A big consideration now is the weight of the speakers & if the grid will support it: in historic houses, the screen/speaker combination had blocks on their own, separate, very beefy I-beams whether the grid was steel or wood. (Some smaller theaters had short extensions of the I-beams supporting the auditiorum ceiling passing through the firewall/proscenium wall.) In all those cases, though, the screen has moved: originally they were hung on these separate beams further upstage; but through time screens (without speakers) have been re-hung from the grid further downstage because the flyspace is more valuable in the screens' original location. So even if you've got a steel grid & it's holding the screen OK, putting both the screen & speakers on the same batten & same head blocks may not be safe at that single point on the grid. (I've seen scarily-bent pipe battens with the screen alone hung from them).

You say you have the dream situation of 8' between pipes, but sooner or later the turf war over fly space erupts, & the movies always lose. So you're likely to go back to having the speakers brought on & struck by hands when the screen comes in. It's not so bad (except for unskilled setup, what could be harder than placing them & plugging them in, but it'll get screwed up) if there's time before for you to inspect the setup. The dream of having a show then dropping the screen with little fuss is usually because the hands will have trouble with set pieces, platforms, etc. on the stage to be navigated or struck before bringing the speakers on. On the other hand, if there's a show, there'll be hands, & you can tell them what to do during the change.

It all seems to usually shake out to having to bring the speakers on. I wish it were different. The best that can be made of it usually is having a fast, nearby place to store the speakers, putting them in the wings if neccessary for a show with a stage production preceding the movie. In the absence of a Fox Movietone Lift, the best, nearby, out of the way position (barring a storeroom right offstage, as some theaters are lucky enough to have), is winching them up against the back wall. They've got to go over the bottom set of radiators, of course, which is can be done by putting rollers on the backs of the speakers & a grid over the radiators.

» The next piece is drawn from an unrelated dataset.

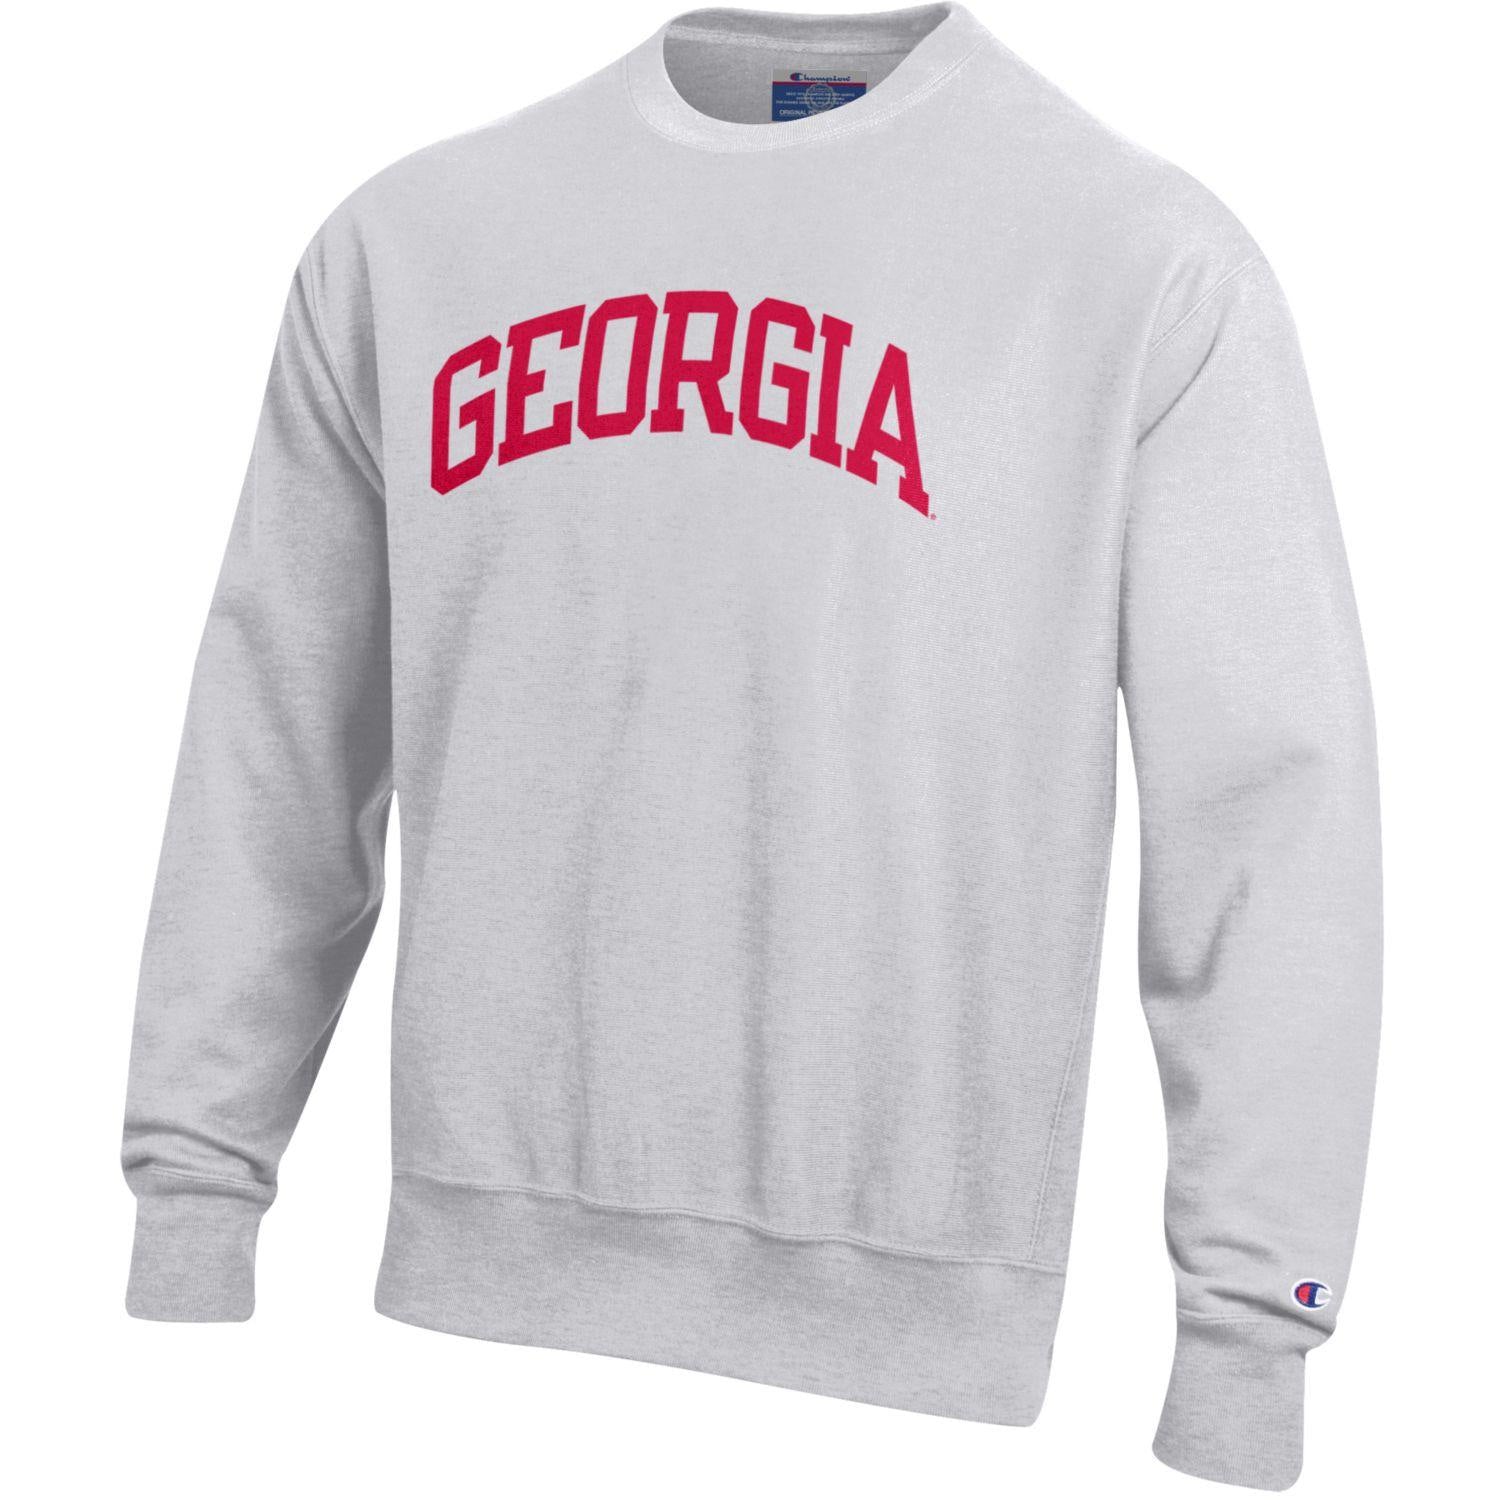 georgia bulldogs sweater

Don't take your stage radiators out. They're not there to keep the performers comfortable, never were. Without them there are huge drafts & gusts from the movement of air from the auditorium to the fly tower in winter. The grand acts as insulating material: at the top of the show, when the curtain opens, the curtains billow out spectacularly over the first rows in a theatre with no fly tower or inwards if there is a fly tower, the masking flaps if the screen is in, the legs move around onstage, & then for the rest of the show, drafts blow continuously toward the direction where the heated air can rise (from the back of the house to the stage, in a theater with a fly tower).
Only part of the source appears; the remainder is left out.